Scheduling in Kestra

  • A schedule is implemented using triggers.
  • Instead of manually specifying the month and year, the trigger automatically determines these values.
  • The workflow includes:
    • Two triggers set up at different times (9 AM and 10 AM on the 1st of each month).
    • Configuration using a Cron expression.
    • The schedule ensures automatic data retrieval as new data is available monthly from New York taxis.

Understanding Backfills

  • Problem: The available data is from 2019 and 2020, but the pipeline is set up to run from 2025 onwards.
  • Solution: Use backfills to execute past-due schedules and fill in missing data.
  • Backfills allow running the pipeline for past dates by selecting a start date (Jan 1, 2019) and an end date (Dec 31, 2019).
  • Important considerations:
    • The scheduled execution time (9 AM on the 1st of each month) must be adhered to.
    • Setting a backfill label helps differentiate historical runs from real-time executions.
    • Execution logs show which dataset (e.g., Green Taxi Data) is being backfilled.

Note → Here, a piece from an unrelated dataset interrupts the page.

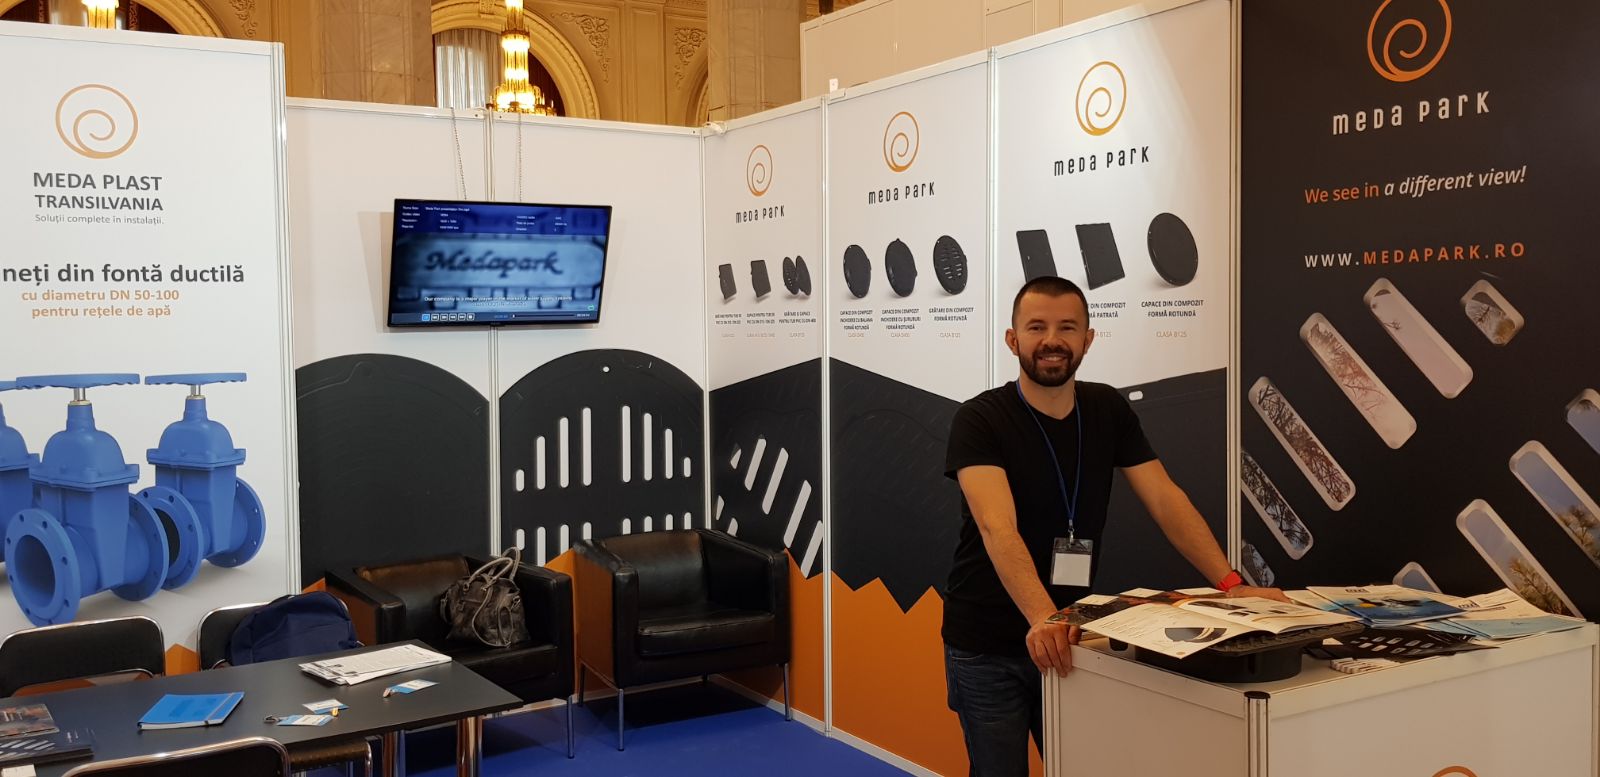 We participate at Expoapa 2018, 14 - 16 May, Bucharest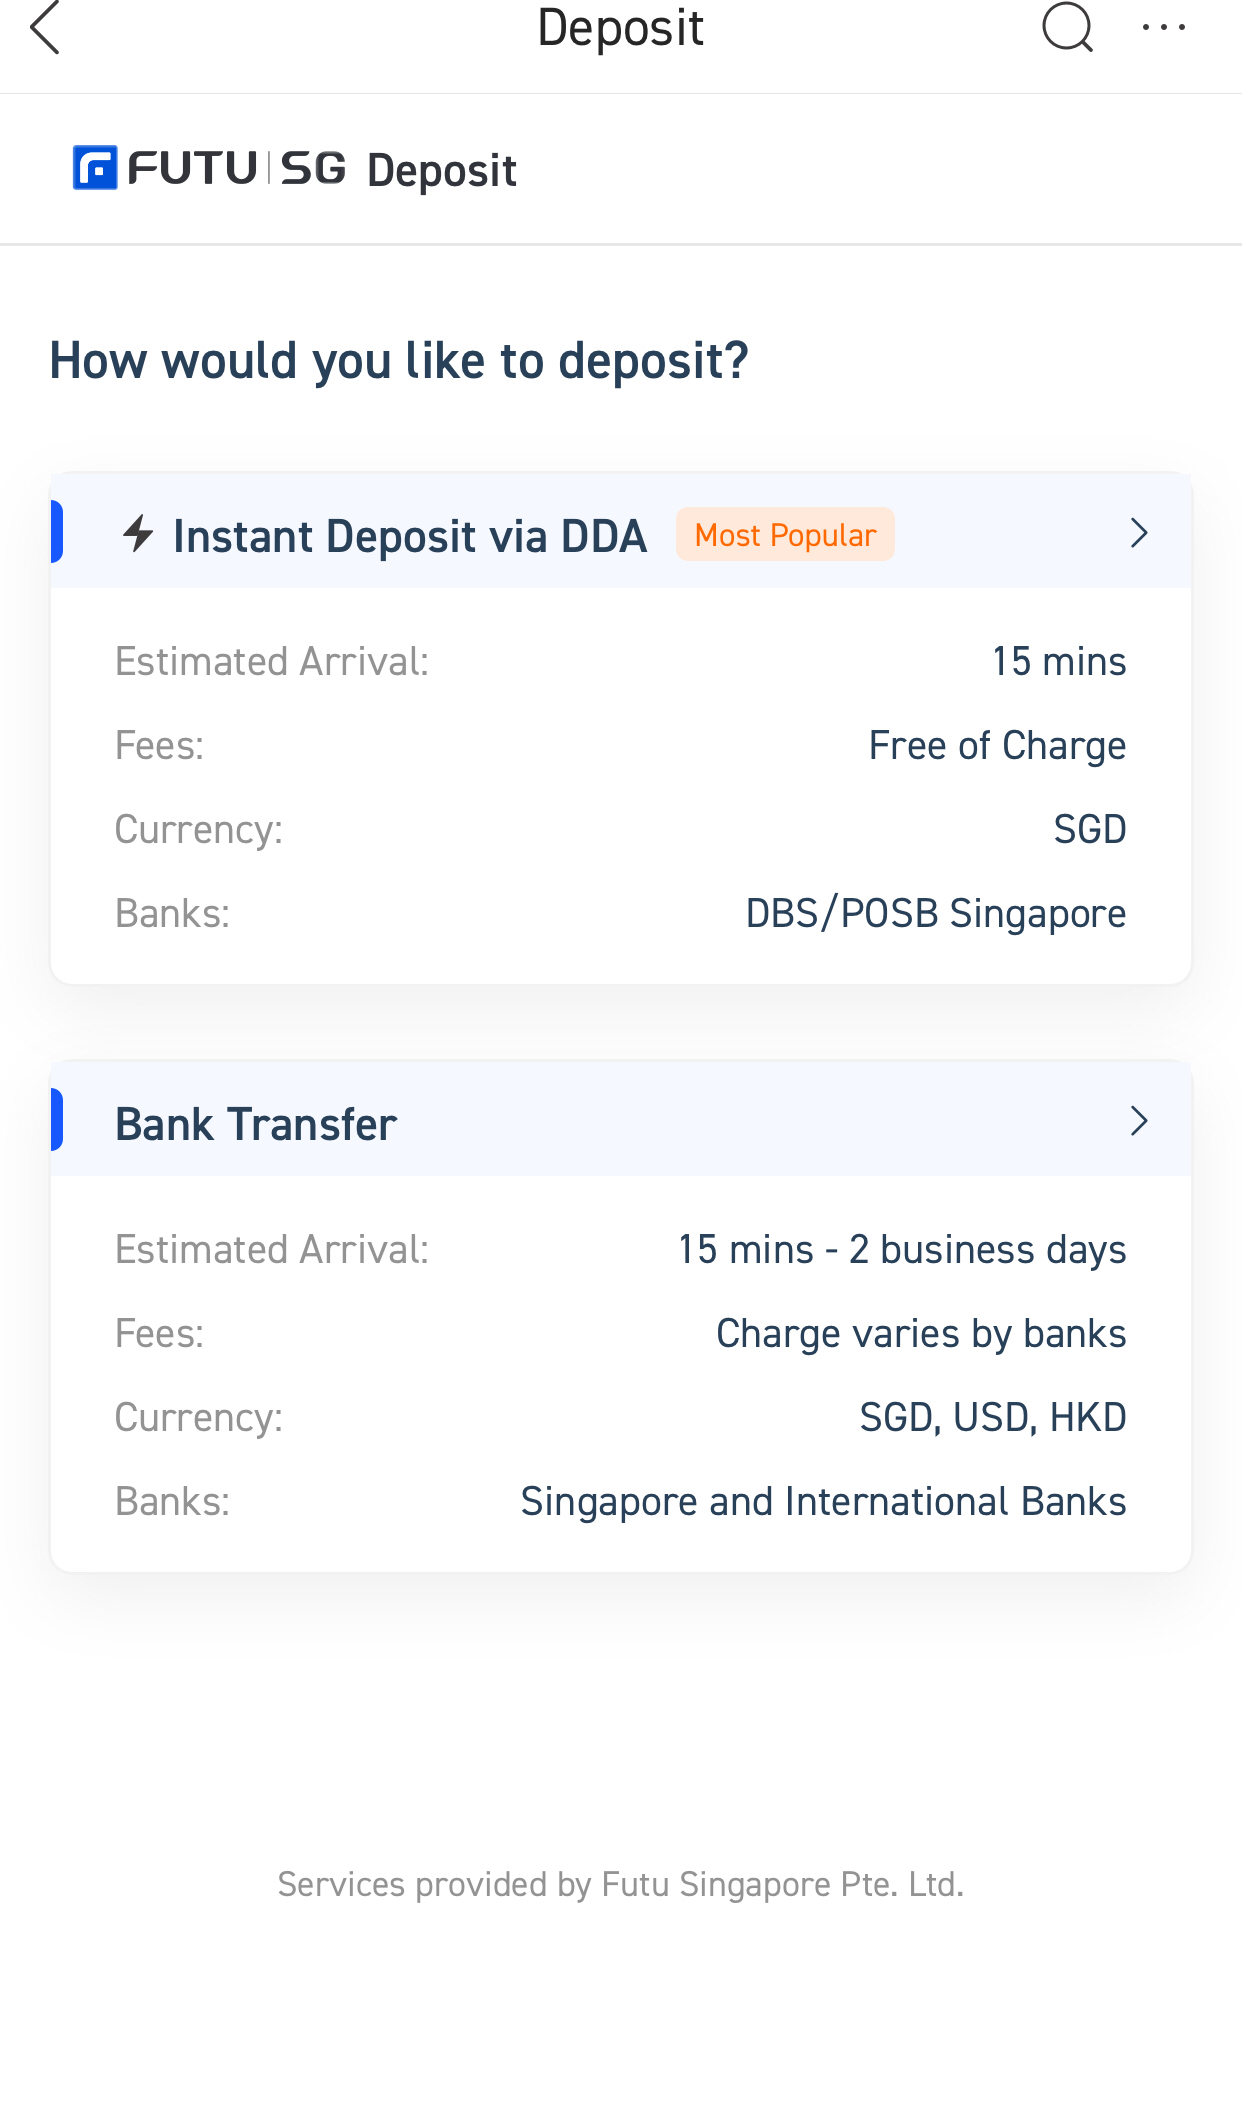 FAQ（for Futu SG clients): Can I deposit money using non-DBS? What are the fees?

Managing Concurrency and Staging Tables

  • By default, a single staging table is used, limiting execution to one month at a time.
  • To run multiple backfills simultaneously, consider:
    • Creating separate staging tables for each month.
    • Using date triggers to generate dynamic table names.
    • Setting a concurrency limit of one to avoid conflicts.
  • Potential issues:
    • Truncation conflicts: If multiple processes modify the same table, it can lead to data corruption.
    • Large number of tables: Long-running backfills may create excessive tables, which may need to be dropped afterward.

Verifying Backfill Execution

  • After execution, verify data integrity by:
    • Checking PG Admin for new tables (e.g., green_trip_data and green_trip_data_staging).
    • Ensuring all 12 months of data have been processed correctly.
    • Validating the row count (e.g., ~6 million rows for 2019).
    • Confirming unique row IDs exist despite some missing vendor IDs.

Future Enhancements

  • Automating pipelines further:
    • Using schedules to process new data as it arrives.
    • Running backfills dynamically to fill in historical data.
  • Integrating DBT (Data Build Tool) with Postgres to improve workflow automation.
  • Upcoming lessons will focus on enhancing the efficiency and scalability of these automated workflows.

Conclusion

  • Kestra scheduling and backfills help automate data pipelines effectively.
  • Triggers allow data ingestion without manual intervention.
  • Backfills help populate missing historical data.
  • Proper concurrency management prevents conflicts in data processing.
  • Future improvements will involve DBT integration and more robust automation techniques.